Петербургский театральный журнал
Блог «ПТЖ» — это отдельное СМИ, живущее в режиме общероссийской театральной газеты. Когда-то один из создателей журнала Леонид Попов делал в «ПТЖ» раздел «Фигаро» (Фигаро здесь, Фигаро там). Лене Попову мы и посвящаем наш блог.
16+

5 ноября 2013

СЕМЬЯ ТУРБИНЫХ
НА НАРОДНОЙ УЛИЦЕ

«Дни Турбиных». М. Булгаков.
Театр «Мастерская».
Режиссер Григорий Козлов, художник Михаил Бархин.

Оксюморон в названии статьи никто не заметит: в нашей путаной действительности церкви, например, могут иметь адрес по улице Ленина, а памятники пламенным революционерам продолжают стоять на площадях, которые носят имена тех, кого в революцию расстреляли. Хаос, описанный Булгаковым («Вы гляньте в окно, посмотрите, что там. Там метель, какие-то тени…»), на каждом новом витке русской истории возобновляется, усиливаясь, но люди в нем в общем-то уже вполне освоились, принимают как неизбежность и живут, живут… Как, собственно, Турбины и их друзья в последнем действии пьесы. Кто играет сегодня кадровых офицеров российской армии? И играют, и смотрят правнуки тех мужичков, что «тучей» шли на Киев в 1919 году. Играют и смотрят на Народной улице, названной в честь тех самых мужичков, в честь победившего народа. И хотя мы, на сцене и в зале, объединены симпатией к белой гвардии, к главным героям (и тоскливым страхом перед той бурей, что бушует вокруг турбинского дома), сделаться такими, «как они», мы не можем, не стоит и пытаться. Мы можем их сделать близкими нам.

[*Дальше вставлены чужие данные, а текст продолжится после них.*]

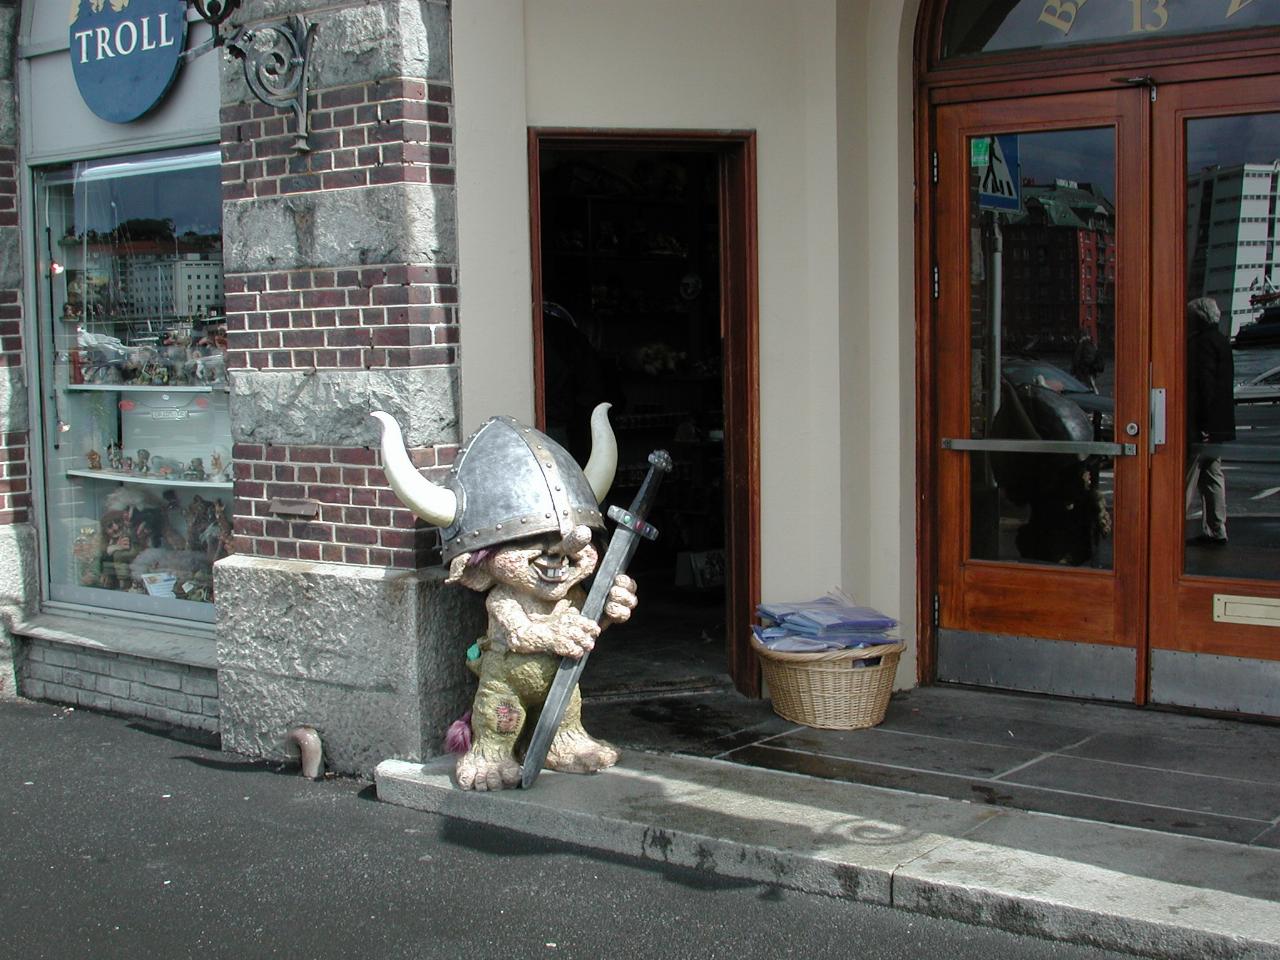 KPLU Viking Jazz: Troll standing guard over troll shop at Bryggen, Bergen, Norway

Когда-то, а именно 13 лет назад, когда Молодежный театр на Фонтанке поставил «Дни Турбиных», мне казалось, что взяться за пьесу-легенду, пьесу-миф могут только безумные смельчаки. Но на самом деле уже тогда пьесу считали мифом только специалисты (и узок круг этих специалистов, и страшно далеки они…), а зрители просто с удовольствием смотрели на любимых артистов, получивших выигрышные роли. За прошедшие годы многие «культовые» произведения русской литературы были без слишком большого пиетета экранизированы, точнее — сериализированы, в том числе и «Белая гвардия» (не пьеса, роман — но в нашем контексте это неважно), и теперь в гости к Турбиным (так же, как к Епанчиным и Иволгиным, Карамазовым, Базаровым, Кирсановым, Карениным, к Дубровскому, Печорину, Раскольникову и так далее) можно заглянуть онлайн каждый день, набрав соответствующий адрес в Яндексе. Этот процесс окончательно снял ореол легенды. И пьеса «Дни Турбиных» стала просто хорошей репертуарной пьесой, а играть ее стали про хороших (и про плохих) людей, живущих в смутные времена.

Сцена из спектакля.
Фото — Дарья Пичугина.

«Дни Турбиных», по мысли создателей, — вторая часть дилогии об этих смутных временах, о Гражданской войне и революции (первая часть — студенческий «Тихий Дон» — вышла весной). Объединяющие мотивы ясны. Однако эпический размах и мощь «ТД» не очень-то годятся для «ДТ», несмотря на то, что человек и история в пьесе сталкиваются самым непосредственным образом. Сложность в том, как решить в спектакле сопряжение двух планов — частная жизнь Турбиных и их круга, с одной стороны, и социально-политическая катастрофа, с другой… И если один план, «внутренний», у Козлова и его артистов получается (хоть и тут есть уклон в водевильную «милоту»), то со вторым есть, на мой взгляд, проблемы. И с сопряжением планов — тоже. Неудачным, в частности, мне кажется решение пространства — двигающиеся стены из чего-то вроде вагонки напоминают о бане, но никак не о доме на Андреевском спуске. Согласна, можно обойтись без иллюстративности, но все же не понимаю, почему теплое струганое дерево выбрано как фактура для стылого декабря 1918 года, для продуваемых ветрами, простреливаемых насквозь заснеженных улиц…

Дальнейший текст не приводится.